The history of this music has rarely been told, for the sole reason that it wasn't until recently that cartoon music was even considered a viable genre unto itself. Cartoon music, for the purposes of this primer, is score — orchestral or instrumental accompaniment — as opposed to the circle-of-life songs of Disney films, the pop hits that fill some big-budget film features, and the tongue-in-cheek parodies that populate The Simpsons. Born in the 1920s, cartoon music experienced its golden years in the 1940s and '50s, before television studios increased the workload, lowered the budget, and, with the advent of synthesizers, eviscerated the art.
Interestingly, many of the more modern avant-garde musicians who have been drawn to cartoon music, like John Zorn and Sun Ra, have their roots in improvisation. This makes sense, because many of the early composers for cartoons started out as improvisers themselves, playing organ and other instruments to accompany silent movies.
Perhaps one of the most important chance meetings in cartoon music history occurred in the early 1920s at the Isis Theatre in Kansas City, where Carl Stalling, then a film accompanist and conductor, first encountered Walt Disney, who was just beginning his involvement in film.
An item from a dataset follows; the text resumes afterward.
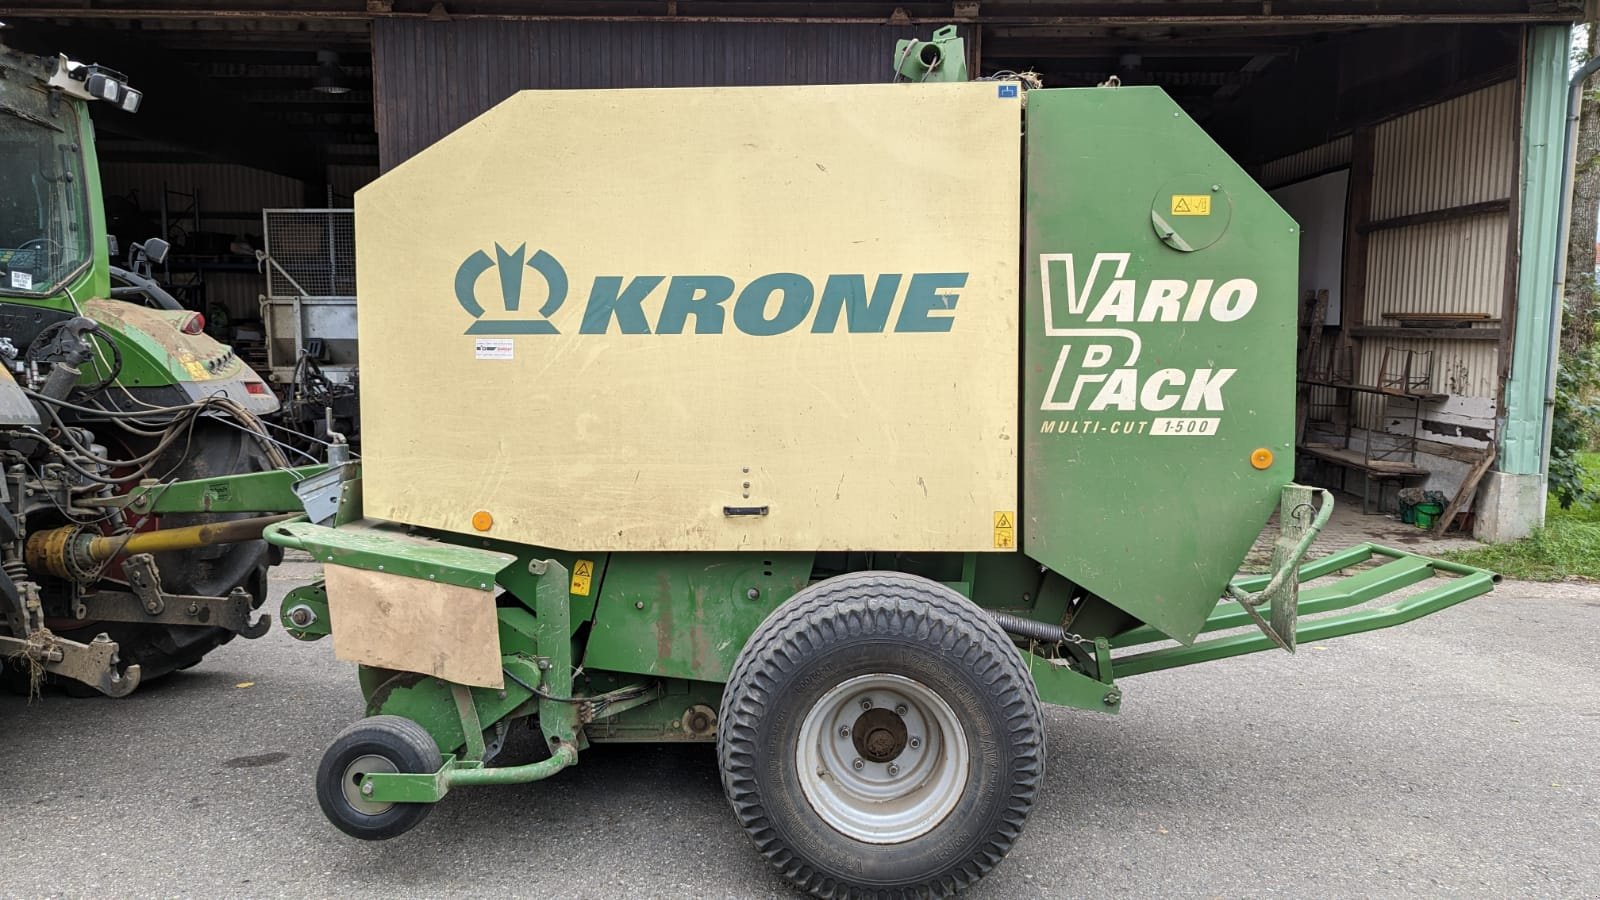 Hochdruckpresse des Typs Krone Vario Pack 1500, Gebrauchtmaschine in Donaueschingen (Bild 1)

After Disney left for Hollywood and began producing cartoons, the two renewed their bond (originally created over their shared excitement about combining music and film) and Stalling was soon given the first two silent Mickey Mouse shorts to score. The job was a perfect fit for the wildly talented Stalling, and he was quickly hired as the studio's first music director.
In the meantime, Max Fleischer at Fleischer Studios was experimenting on a more in-depth level with adding music to cartoons. The studio's "Song Car-Tune," Oh Mabel (1924), introduced the infamous bouncing ball, which landed on the appropriate lyric to a popular song in time to the music (which was played by the theater accompanist) for audiences to sing along to. The "car-tune" received such an enthusiastic response at its first screening that the theater manager rewound the short and showed it again. A few shorts later, Max Fleischer was introduced to Lee de Forest, who had developed Phonofilm, a method of recording sound on the edge of motion picture film. (Incidentally, the instructional film on the use of Phonofilm was animated. Thus cartoons played an integral part in the advent of sound in film). Fleischer fell in love with the idea and produced the first theatrical film of any kind with a synchronized soundtrack, My Old Kentucky Home, in 1926. Subsequently, he added sound to his earlier bouncing-ball films, many of which featured Koko the Clown. These were the first theatrical releases of sound films, predating even Warner Bros.' first live-action motion picture with a music track, Don Juan (which preceded 1927's more famous Jazz Singer by more than a year).
Even Paul Terry's Terrytoons studio beat Disney to sound with its first Aesop's Fables series film, Dinner Time (1928). Terrytoons claimed to be the first studio to prescore its cartoons. Working with brilliant Terrytoons composer Philip A. Scheib, the studio's animators drew frames to fit his scores, which were recorded in one take.
The advent of sound solved a problem that plagued composer Paul Hindemith, a Felix the Cat fanatic who composed a score for Felix at the Circus, which he attempted to premiere at the Baden-Baden festival. Much to his chagrin, the machine selected to synchronize his pianola roll with the film projector malfunctioned and the composition was subsequently lost.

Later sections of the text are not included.